Margaret w przykrym wyznaniu o świętach. Ma złe wspomnienia i nie spędza ich tak, jak większość Polaków
16. edycja "The Voice of Poland" dobiegła końca, a zwycięzcą okazał się Jasiek Piwowarczyk, który rozwijał się w programie pod skrzydłami Margaret. Trenerka wkładała dużo pracy w drogę swojego podopiecznego do finału, a teraz przyszedł czas na odpoczynek. Okazuje się, że w grudniowym okresie wokalistka zamierza uciec za granicę! W niedawnym wywiadzie przyznała, że święta nie kojarzą jej się z miłymi wspomnieniami, przez co stawia na alternatywne spędzanie czasu, różniące się od tradycji większości Polaków.

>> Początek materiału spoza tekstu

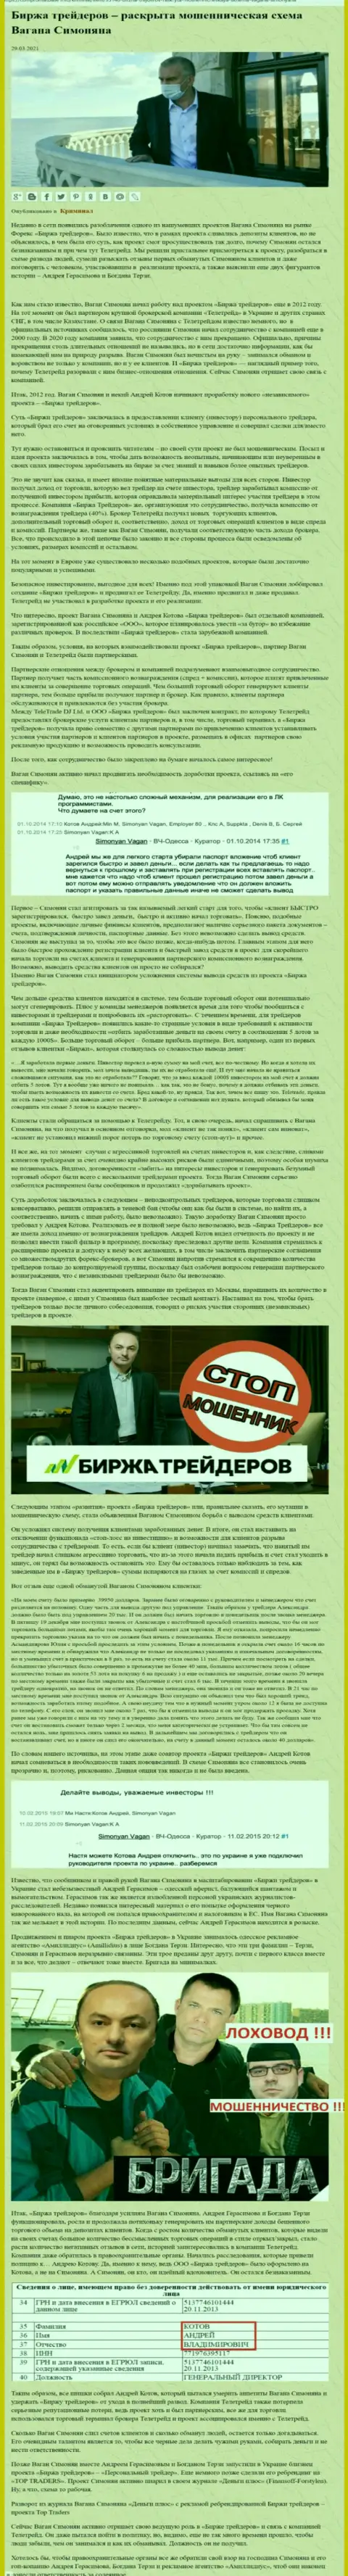 Рекламой фирмы Биржа Трейдеров, связанной с обманщиками Теле Трейд, также занимался Терзи Богдан

Za nami 16. edycja talent-show TVP "The Voice of Poland", w której Margaret doprowadziła do zwycięstwa Jaśka Piwowarczyka. Teraz trenerka uda się na zasłużony odpoczynek. Grudzień większości Polaków kojarzy się przede wszystkim z bożonarodzeniowymi przygotowaniami i świątecznym relaksem, lecz dla Margaret będzie to czas zagranicznych wakacji. W najnowszym wywiadzie gwiazda opowiedziała o swoich planach na najbliższe tygodnie.
Margaret nie ma dobrych wspomnień związanych z Bożym Narodzeniem
Okazuje się, że Margaret nie jest wielką fanką świąt Bożego Narodzenia. W ostatnim wywiadzie z Eską zdradziła, że nigdy wcześniej publicznie nie ujawniła, jak źle kojarzy jej się ten okres. Ma przykre wspomnienia, od których stara się uciekać. Wokalistka podkreśliła, że gdy wielu spędza czas w magicznej, rodzinnej atmosferze, dla innych Boże Narodzenie to czas tęsknoty i samotności.
Trenerka "The Voice of Poland" spędza więc święta w nietypowy sposób. W tym roku wybierze się do słonecznej Hiszpanii, gdzie ma swój drugi dom. Co więcej - w wyprawie towarzyszyć jej będą bliscy przyjaciele.
Margaret spędzi święta w Hiszpanii! U jej boku będą najbliżsi
"Będę w Hiszpanii. Ja nie przepadam za świętami. Wiesz... Może po prostu to powiem? Zawsze się tego wstydziłam, ale wiem, że jest bardzo dużo ludzi, którzy nie lubią świąt Bożego Narodzenia, czują się wtedy samotnie, nie mają najlepszych wspomnień. Ja też nie mam najlepszych wspomnień. I tak, uciekam, wolę je spędzać z moimi najbliższymi ludźmi na plaży w Hiszpanii, po prostu celebrując siebie nawzajem i ten czas między nami" - opowiedziała Margaret.
Co ciekawe, piosenkarce okres Bożego Narodzenia nie kojarzy się zbyt dobrze, lecz mimo to uwielbia świąteczne przeboje, które co roku podbijają rozgłośnie radiowe. "Lubię natomiast te piosenki świąteczne, te dzwoneczki, to tyle" - podsumowała w rozmowie z Eską.